Why Pankaj Sahni died despite Ayushman Bharat     

Pankaj Sahni (17) was suffering from Aplastic anaemia. The condition leaves you fatigued and more prone to infections and uncontrolled bleeding

Why Pankaj Sahni died despite Ayushman Bharat      

Umesh Kumar Ray

He died at the All India Institute of Medical Sciences (AIIMS) on January 19. He had first visited AIIMS in May last year and although doctors were helpful, the teenager practically died without treatment, which was to start two days later on January 21.

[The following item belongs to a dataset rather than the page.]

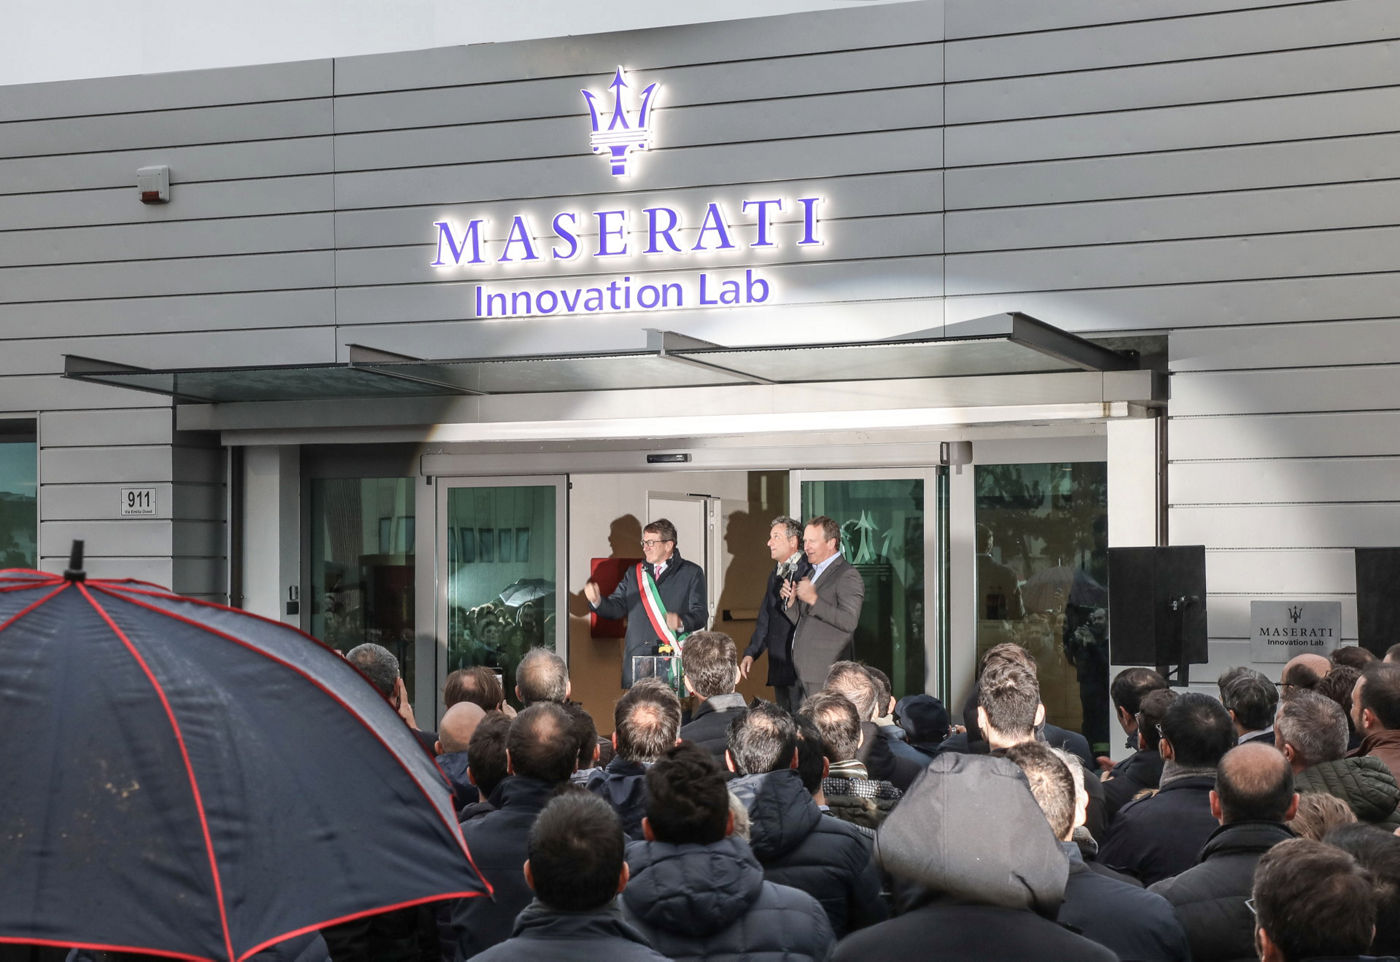 Maserati Innovation Lab with many people outside

His distraught father Vishwanath Sahni blames the bureaucracy, red-tape and the Ayushman Bharat scheme, the name ironically invoking blessings of a long life.

The treatment of the rare disease required Rs 12 lakh which the poor villager from Vaishali did not have. But armed with the Ayushman Bharat card, he brought his son to AIIMS, hoping that the health scheme would ensure free treatment or the insurance would at least cover the cost.

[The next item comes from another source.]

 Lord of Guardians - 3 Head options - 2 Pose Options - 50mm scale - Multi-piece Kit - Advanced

To his shock, he was informed that Ayushman Bharat or Pradhan Mantri Jan Arogya Yojana did not cover Aplastic anaemia. And although Rashtriya Arogya Nidhi (RAN) provided for monetary assistance of up to Rs 15 lakh to the poor for treatment of life threatening diseases, Pankaj was not eligible for it since he was already covered under PMJAY.

The family initially lived on footpaths outside AIIMS but when the cold became unbearable, they took a room on rent and moved from pillar to post to raise the amount needed.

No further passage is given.